I did get some time to myself over the weekend. Friday night I was able to relax and just watch some episodes of the Arrow (I am almost done with Season 2, which means I am close to being fully caught up.) Sunday Kim took the little ones out to a movie and some shopping so I was able to get some time to work on pictures, back up the computer, and watch a little football. And then of course Sunday night we skipped the Walking Dead in order to watch the Broncos dominate the 49ers in convincing fashion.

In thinking about this past weekend, and in light of how I didn’t run this morning I am forced to re-think some things. I want to keep running, but I also need to get some sleep. As I get older (sigh) I find myself needing that sleep more and more, and really notice when I don’t get as much sleep as I might like. When things are more normal it is easier to just get to bed early before my running days. But with this string of crazy weekends (birthday parties, sleepovers etc.) that isn’t as easy as I might like. I don’t have a ready made answer yet, just commenting on this, and noting that I have been placing sleep over running during this string, which is different from previous practice. But it makes sense in light of how the current craziness involves a lot more more time around people, which means I need rest more than running.

Like I said, it was a good, active weekend. Did plenty of good things. Had some fun. Got some much needed projects done. It was a good, refreshing time.

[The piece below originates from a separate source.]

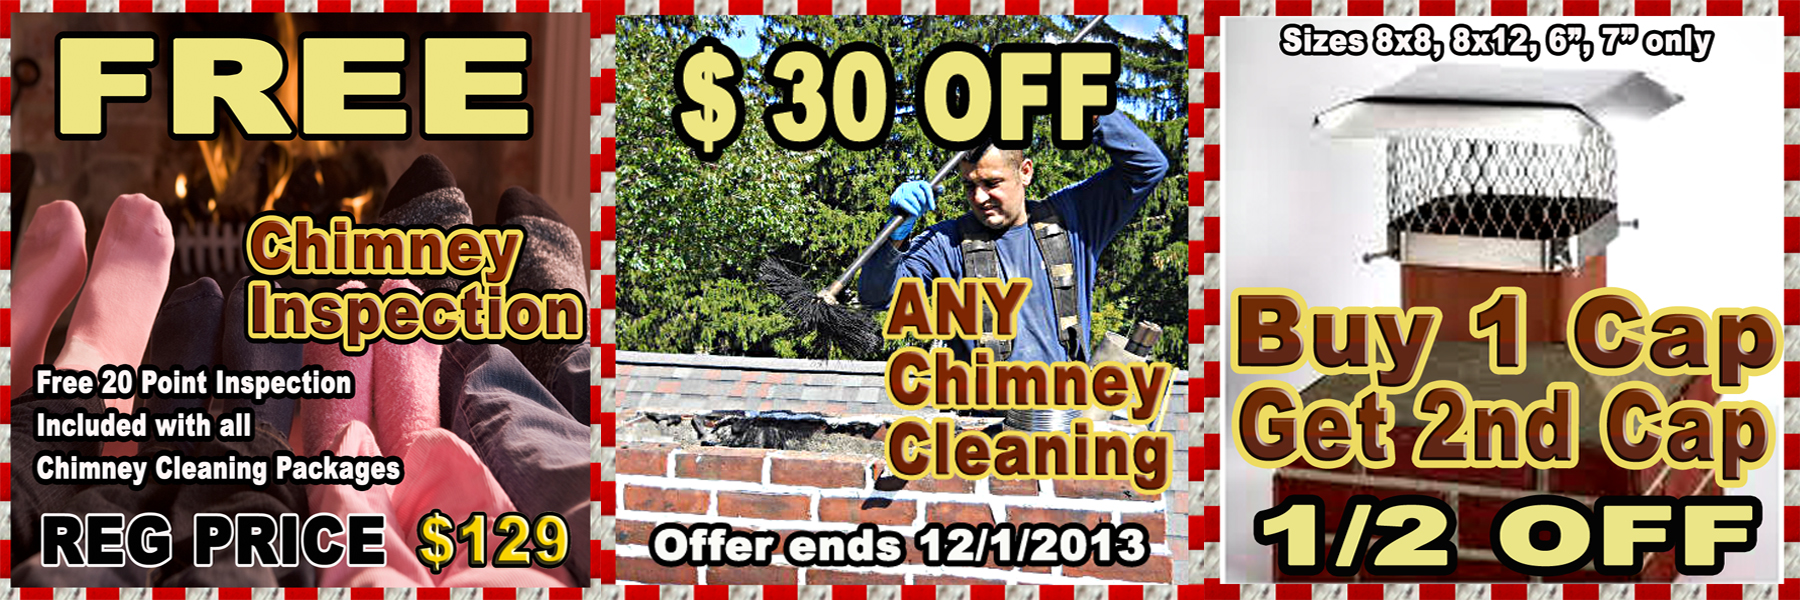 ProLine-Chimney-Cleaning-Chimney-Inspection-Chimney-Cap-Coupon

Finding the line between good family time & becoming overly enmeshed


One of the things that I was initially warned about when I started therapy was that fine line between being a dedicated parent and loving my family and becoming enmeshed in it. And while it is a line I tend to straddle with differing success I have started to notice that Kim has gone too far in one direction. While I love her willingness to do whatever it takes for the family, diving into Scouting (Boy & Girl), attending wrestling meets etc. I tend to take that for granted. This week in particular she was stretched to the limit by it all.

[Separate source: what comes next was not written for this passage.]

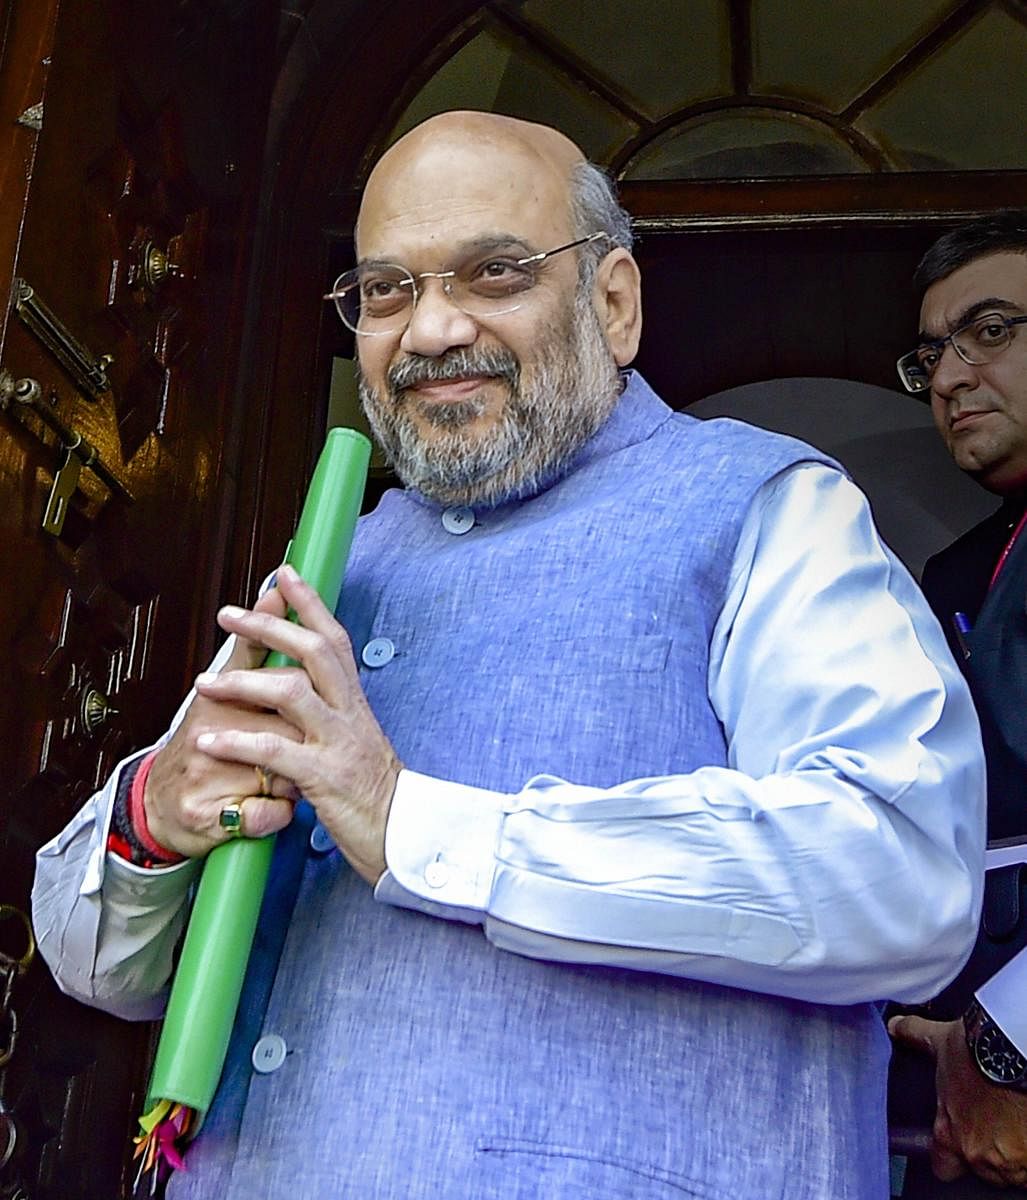 Prevent hoarding and black marketing of goods amid lockdown: Amit Shah directs authorities

Which means I need to take the initiative to figuratively kick her out of the house tonight for a night out. It means I get the kids to myself and that can be draining for me. But at this time she needs that time away more than I do. Because she will spending tomorrow doing more Scout activities, and then tomorrow night we have Jimmy’s sleepover. And since I will be running D&D for the big boys that means she will have to take care of the little ones. So she needs tonight.

And next Saturday I will be gone most of the day, arriving back in time to help with Emily’s sleepover. While it is not the most fun occasion (Justin’s memorial/celebration of life) it will still be time away for me. So I have that to look forward to, plus I get a 4 day weekend the next week.

It really is all about teamwork and sharing. Like how I tend to do most of the kitchen work, picking up duties, trash. While she does most of the laundry, deep cleaning. And we are gradually getting the kids to do more and more of their duties. Family is not about 1 person doing all the work. And in order to keep that balance healthy everyone has to share. Well the same applies to time away from the family. We need that time out in order to stay sane.

While I need to keep myself healthy by not getting too caught up in all this I need to be mindful of others. I know I need to be selfish enough to take that time for myself when I need it. And I also need to realize that it is not all on me to take care of the kids, that Kim is there and is perfectly capable of taking care of them if I am not there. But in order for that to happen she needs her time as well. To sum up: balance and moderation in all of this is the key. Don’t become so filled up with family that I lose myself. But also make sure that the family gets what it needs to.